Читать книгу Мужчина несбывшейся мечты - Евгения Михайлова - Страница 16

Часть вторая. Тучи сгущаются
Борис

Оглавление

Только не это. Только не возвращение приступов острой ярости. Я полностью беспомощен перед ними. Больные подозрения, раскаленные открытия, потребность отключить робкие сигналы разума, которые напоминают о самосохранении… Я чувствую: еще чуть-чуть, и к черту самосохранение. К черту десятилетия, в течение которых я тренировал свою волю, учился терпеть и скрывать. Это стало моей религией – терпеть и скрывать. Только так можно было строить жизнь, планировать будущее, получать свою долю покоя, удовлетворения и наслаждений.

Не так давно я увидел у Марии свой портрет и был потрясен. Я увидел в нем свою суть. То, что стало давно прошлым, как мне казалось. Но Мария меня не знала раньше. Она ничего не знает о моем сумасшедшем взрослении, когда ярость вдруг стала моим единственным оружием против враждебного мира. Я не прощал ему ничего: ни одного унижения, ни одного разочарования, никакой самой маленькой потери. Виноваты были все. Родители, обожающая бабушка – они тоже были там, в стане врага. Временами они были хуже всех, потому что только у них была возможность предать меня. С их разрешения, по их инициативе меня хватала полиция, вязали врачи. Меня пичкали таблетками и кололи успокоительными инъекциями.
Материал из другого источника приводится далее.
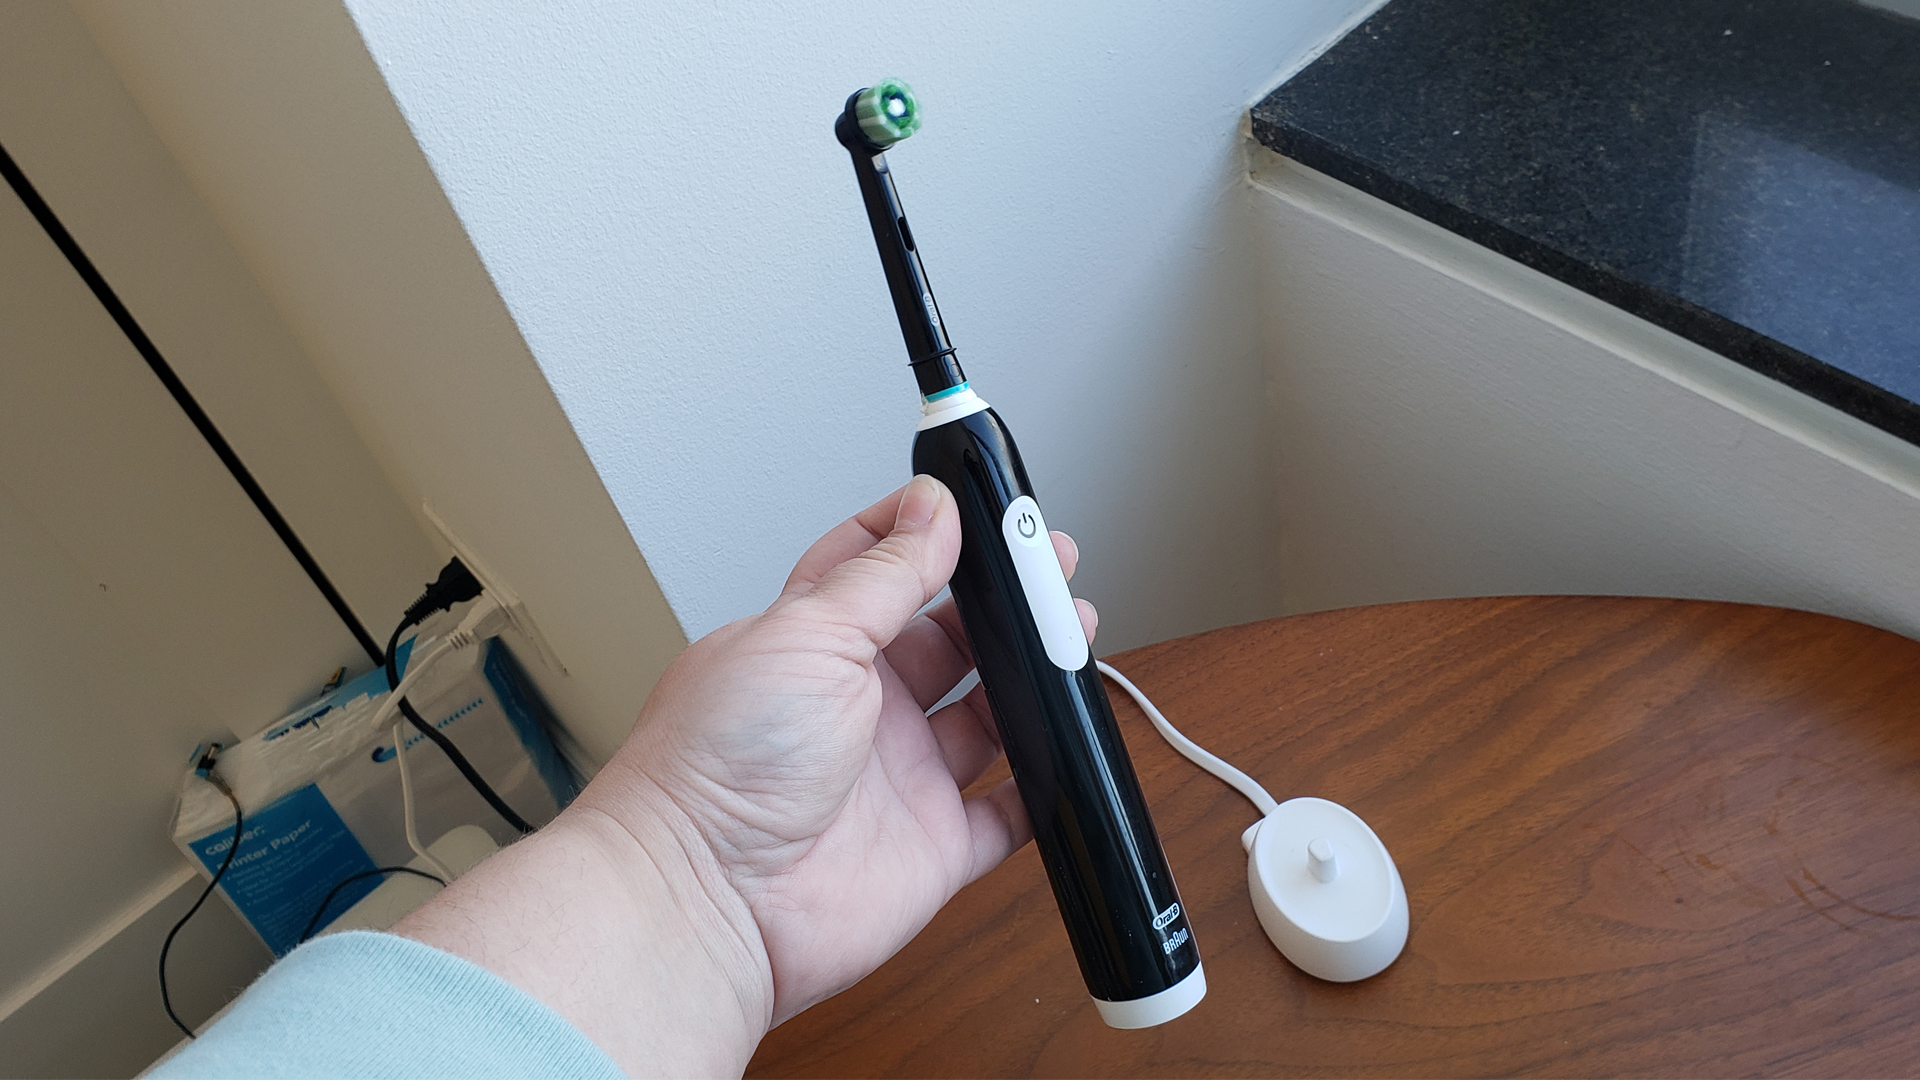 Oral B Pro electric toothbrush 1000
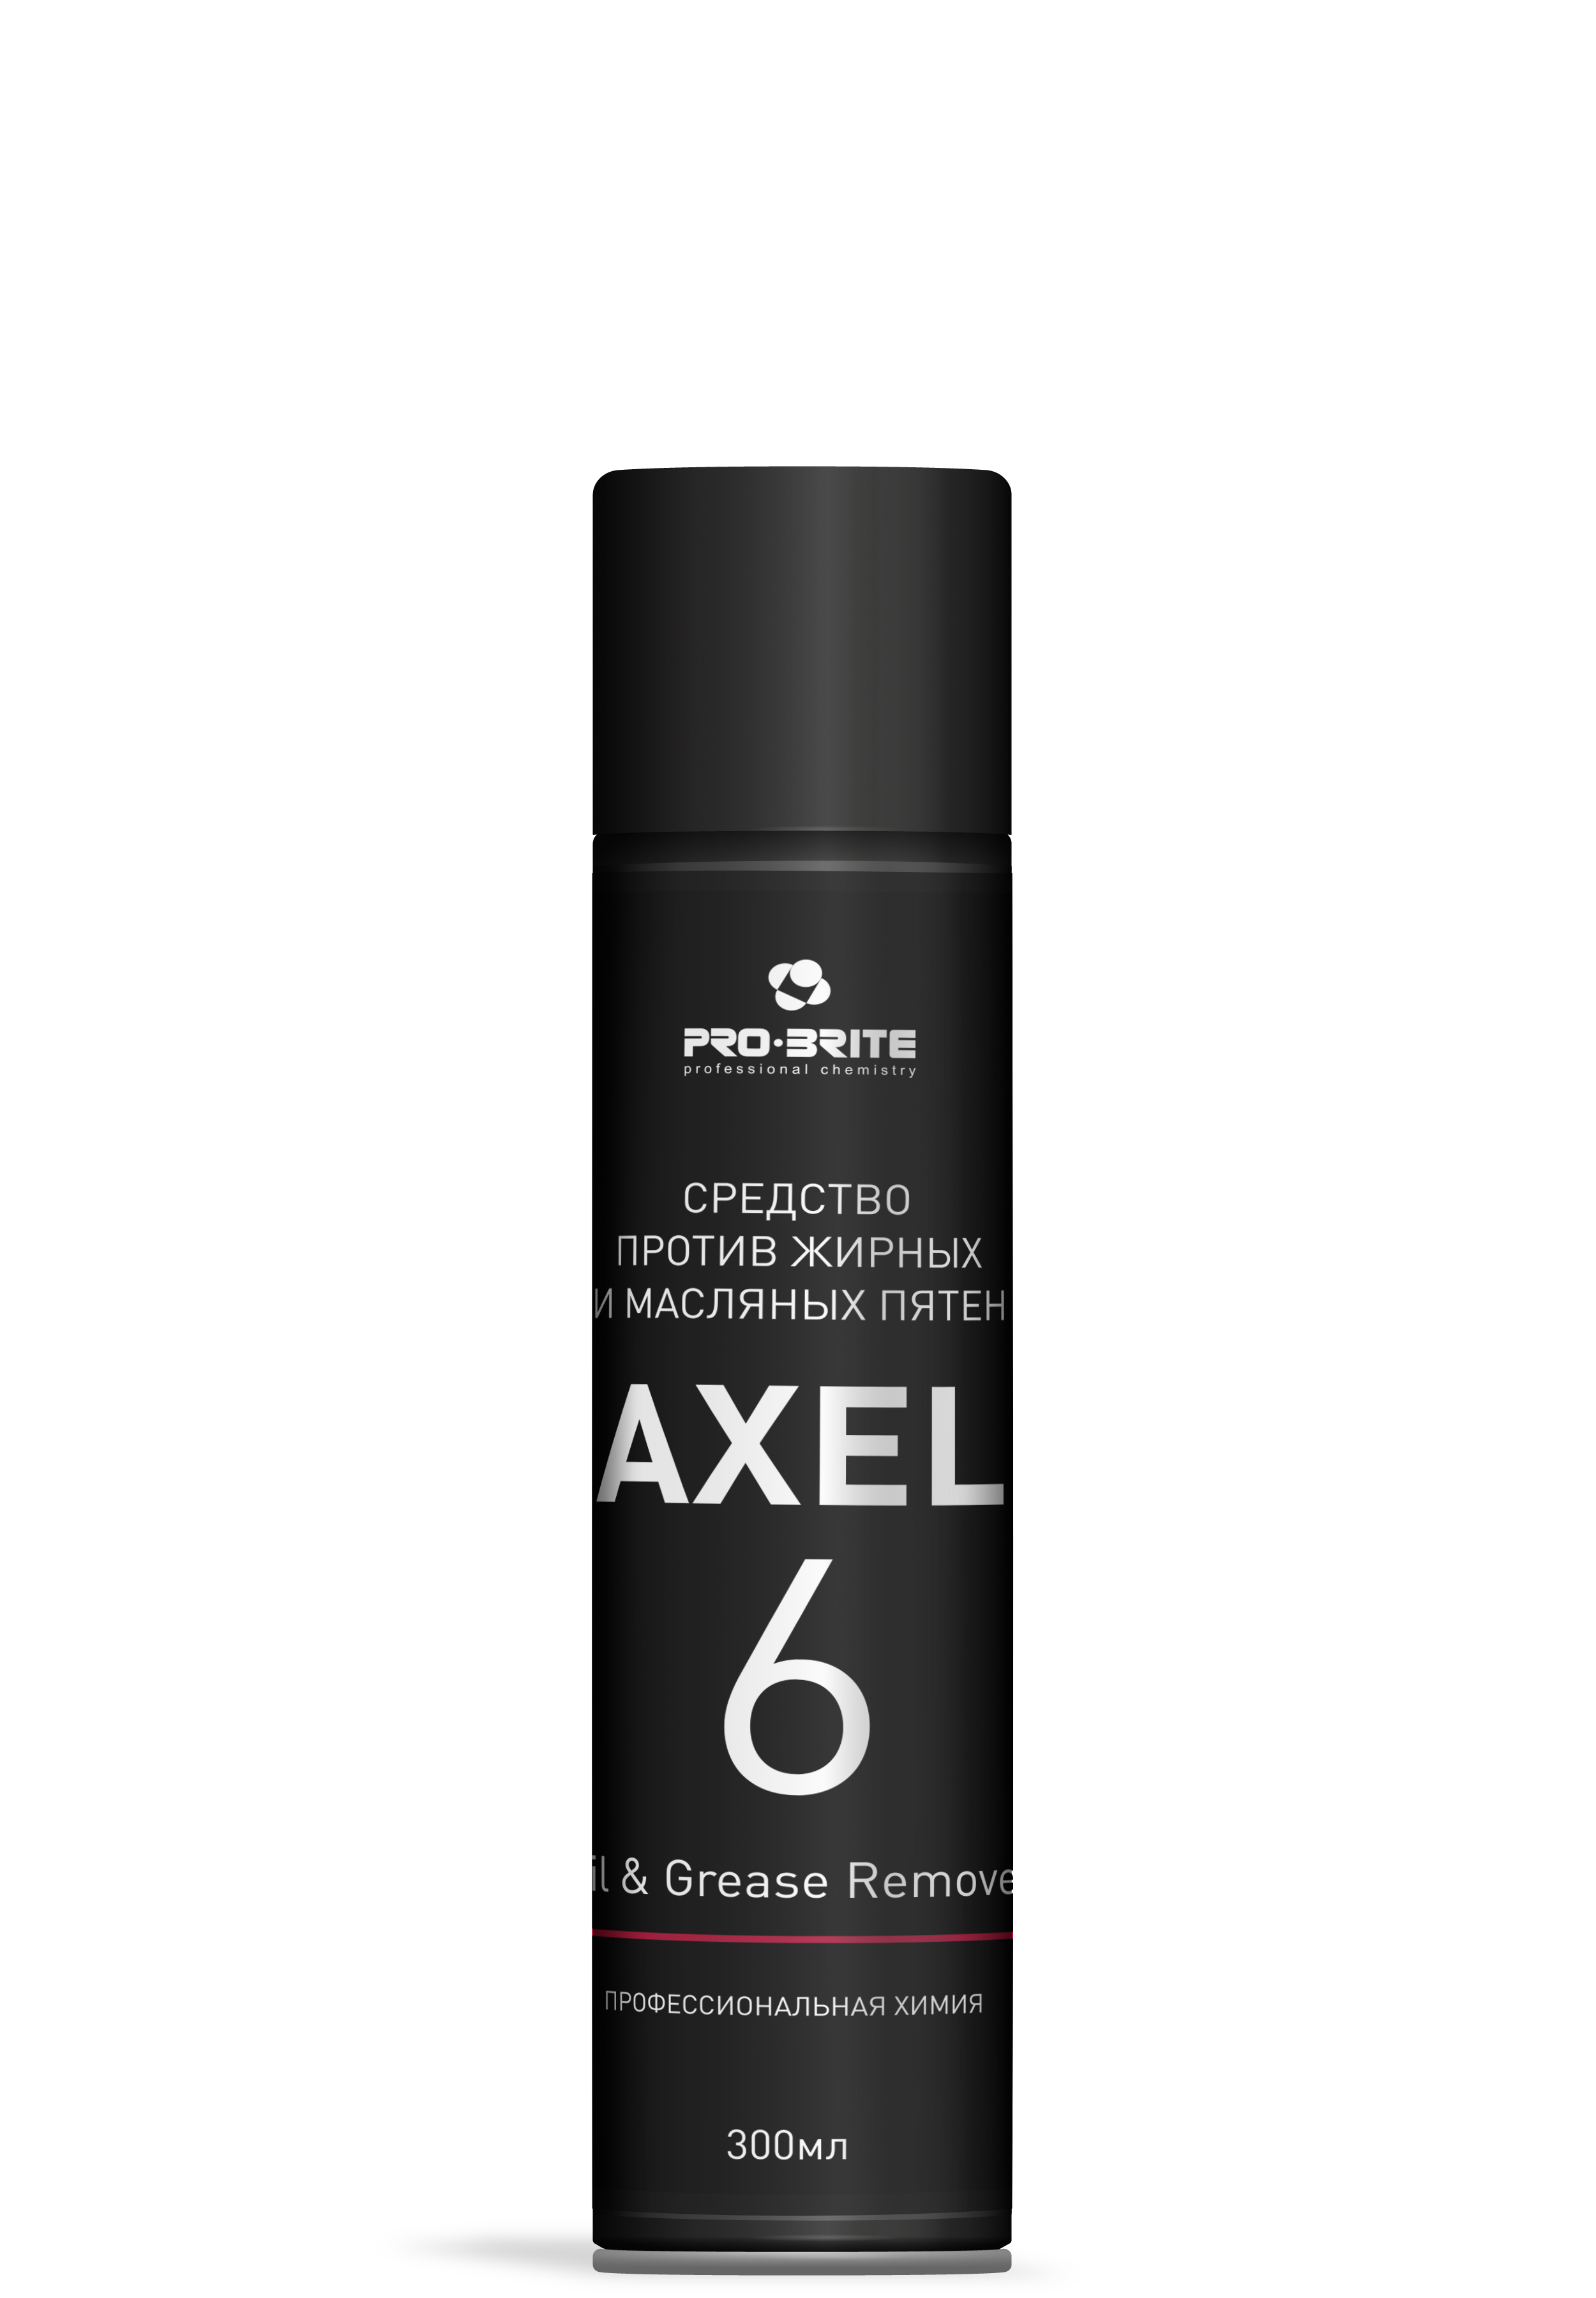 Axel-6 Oil & Grease Remover 0,3 л. Средство против жирных и масляных пятен. PRO-BRITE

Навсегда запомнил один момент. Я не могу шевельнуть руками-ногами, голова набита неудобной тяжестью, поверну – удар резкой боли. И надо мной склонилось лицо отца. Родное, доброе и такое печальное лицо. Он меня сюда отправил. Я тупо думаю о том, что во рту нет слюны, чтобы плюнуть в это лицо. И с огромным усилием справляюсь с шершавым языком, издаю не шепот, а шипение:

– Пошел вон.

– Как же тебе объяснить? – спокойно и горько сказал отец. – Речь идет только о спасении твоей жизни. Тебе кажется, что ты бьешься с врагами. На самом деле ты убиваешь только себя. Как же я устал тащить тебя от пропасти, заставлять жить. Для этого нужно укротить себя, подчиняться хотя бы разуму. Был бы ты другим – не таким сильным, умным, полноценным, – я, наверное, махнул бы рукой. Лети на свой огонь. Но мне так жалко твоей жизни, что уже не жалко своей. Я люблю тебя, сынок.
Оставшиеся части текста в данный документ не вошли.